First, let's split the data into train and test.

In [15]:
X = df.drop('mpg', axis = 1)
y = df['mpg']

# Split into 80% train, 20% test
X_train, X_test, y_train, y_test = train_test_split(X, y, test_size=0.2, random_state=np.random.seed(42))

# Scale features using Min-Max (Normalization)
mm_scaler = MinMaxScaler()
X_train_mm = mm_scaler.fit_transform(X_train)
X_test_mm = mm_scaler.transform(X_test)

# Scale features using Standard scaler (Standardization)
ss_scaler = StandardScaler()
X_train_ss = mm_scaler.fit_transform(X_train)
X_test_ss = mm_scaler.transform(X_test)

Now lets perform a linear regression unscaled, normalized, and standardized data.

In [18]:
# Unscaled
lm_unscaled = LinearRegression()
lm_unscaled.fit(X_train, y_train)
pred_unscaled = lm_unscaled.predict(X_test)
print(f"MSE of unscaled data: {mean_squared_error(y_test, pred_unscaled)}")

# Min-Max (Normalization)
lm_mm = LinearRegression()
lm_mm.fit(X_train_mm, y_train)
pred_mm = lm_mm.predict(X_test_mm)
print(f"MSE of Min-Max data: {mean_squared_error(y_test, pred_mm)}")


lm_ss = LinearRegression()
lm_ss.fit(X_train_ss, y_train)
pred_ss = lm_ss.predict(X_test_ss)
print(f"MSE of standardized data: {mean_squared_error(y_test, pred_ss)}")

MSE of unscaled data: 8.409350248370767
MSE of Min-Max data: 8.409350248370782
MSE of standardized data: 8.409350248370782


It look like scaling made a huge difference here in terms of performance. Let's see what happens when we use KNN.

In [20]:
# Unscaled
knn_unscaled = KNeighborsRegressor()
knn_unscaled.fit(X_train, y_train)
pred_unscaled = lm_unscaled.predict(X_test)
print(f"MSE of unscaled data: {mean_squared_error(y_test, pred_unscaled)}")

# Min-Max (Normalization)
knn_mm = KNeighborsRegressor()
knn_mm.fit(X_train_mm, y_train)
pred_mm = knn_mm.predict(X_test_mm)
print(f"MSE of normalized data: {mean_squared_error(y_test, pred_mm)}")

# Standard Scaler (standardization)
knn_ss = KNeighborsRegressor()
knn_ss.fit(X_train_ss, y_train)
pred_ss = knn_ss.predict(X_test_ss)
print(f"MSE of standardized data: {mean_squared_error(y_test, pred_ss)}")

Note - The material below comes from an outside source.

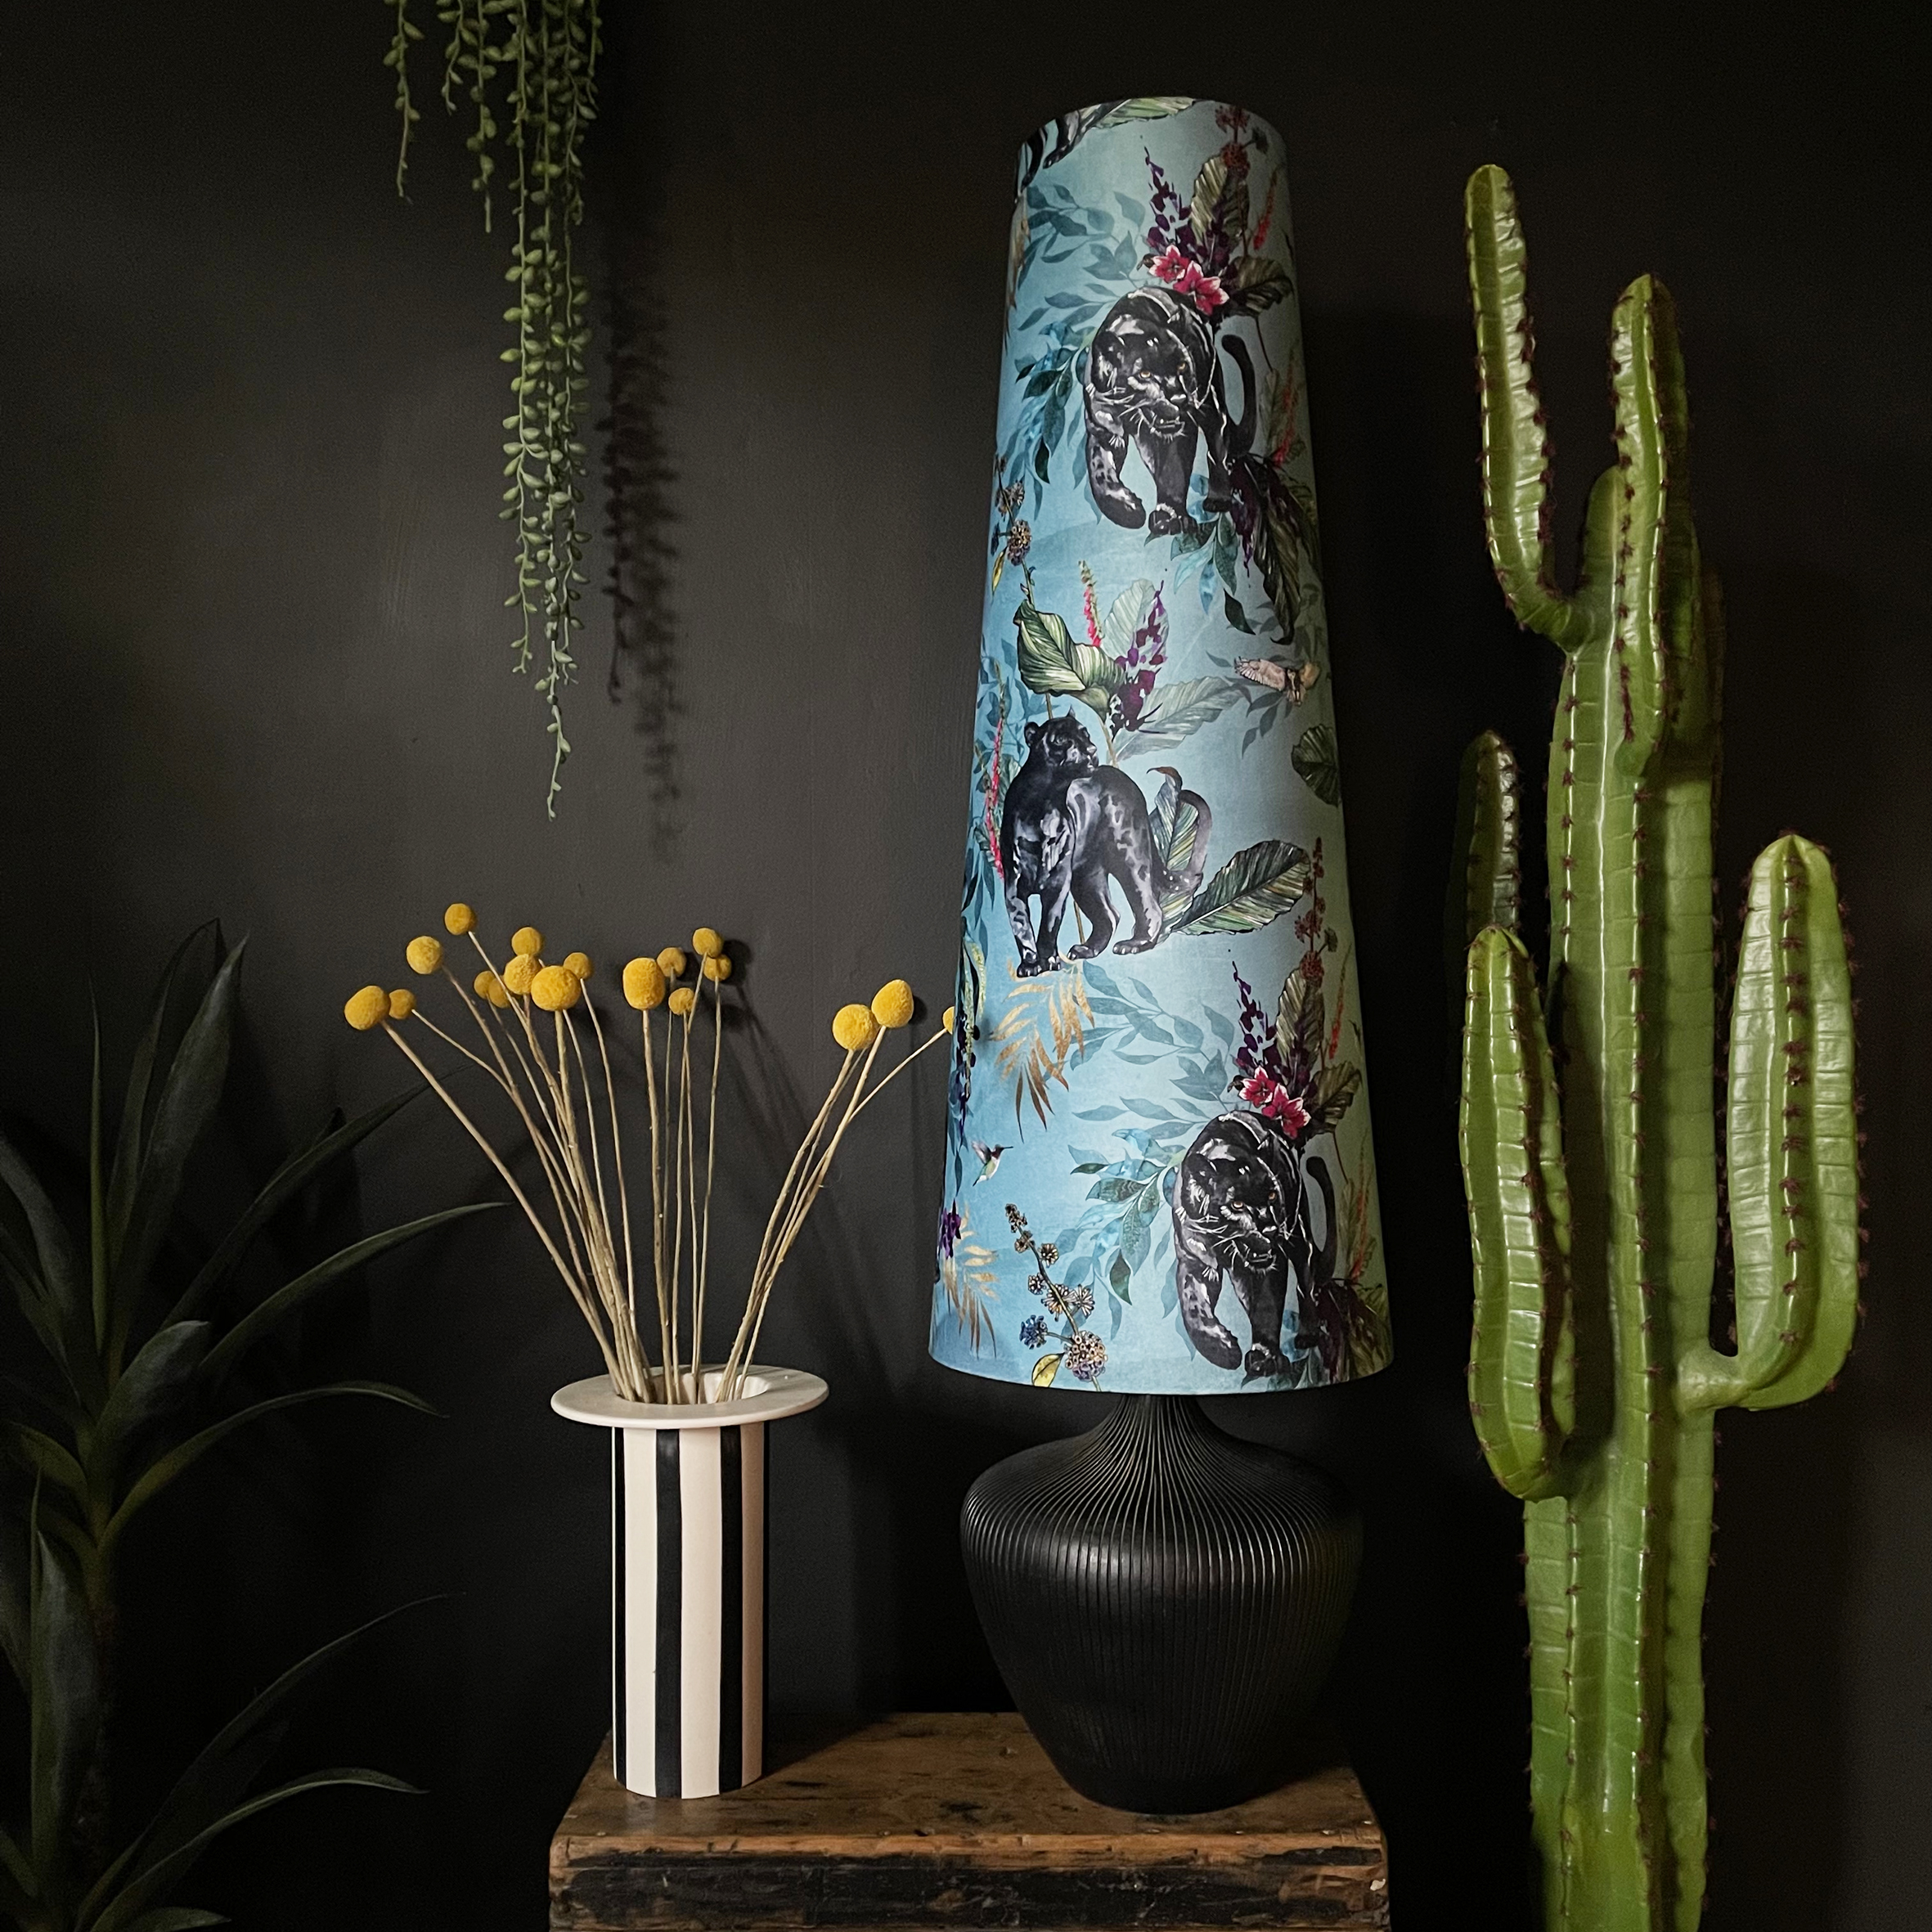 Deadly Night Shade Cone Lampshades in Lithium Blue

MSE of unscaled data: 8.409350248370767
MSE of normalized data: 8.366496434906873
MSE of standardized data: 8.366496434906873


We see that there is a slight improvement in MSE when we scale using standardization or normalization.

We know that trees based models are not really affected by scaling, so we will show this property now.

In [23]:
tree_unscaled = DecisionTreeRegressor(random_state=np.random.seed(42))
tree_unscaled.fit(X_train, y_train)
pred_unscaled = tree_unscaled.predict(X_test)
print(f"MSE of unscaled data: {mean_squared_error(y_test, pred_unscaled)}")

tree_mm = DecisionTreeRegressor(random_state=np.random.seed(42))
tree_mm.fit(X_train_mm, y_train)
pred_mm = tree_mm.predict(X_test_mm)
print(f"MSE of unscaled data: {mean_squared_error(y_test, pred_mm)}")

tree_ss = DecisionTreeRegressor(random_state=np.random.seed(42))
tree_ss.fit(X_train_ss, y_train)
pred_ss = tree_ss.predict(X_test_ss)
print(f"MSE of unscaled data: {mean_squared_error(y_test, pred_ss)}")

MSE of unscaled data: 11.372798254414686
MSE of unscaled data: 11.372798254414686
MSE of unscaled data: 11.372798254414686


As we can see, the MSE of the decision tree models do not change even if we scale the features.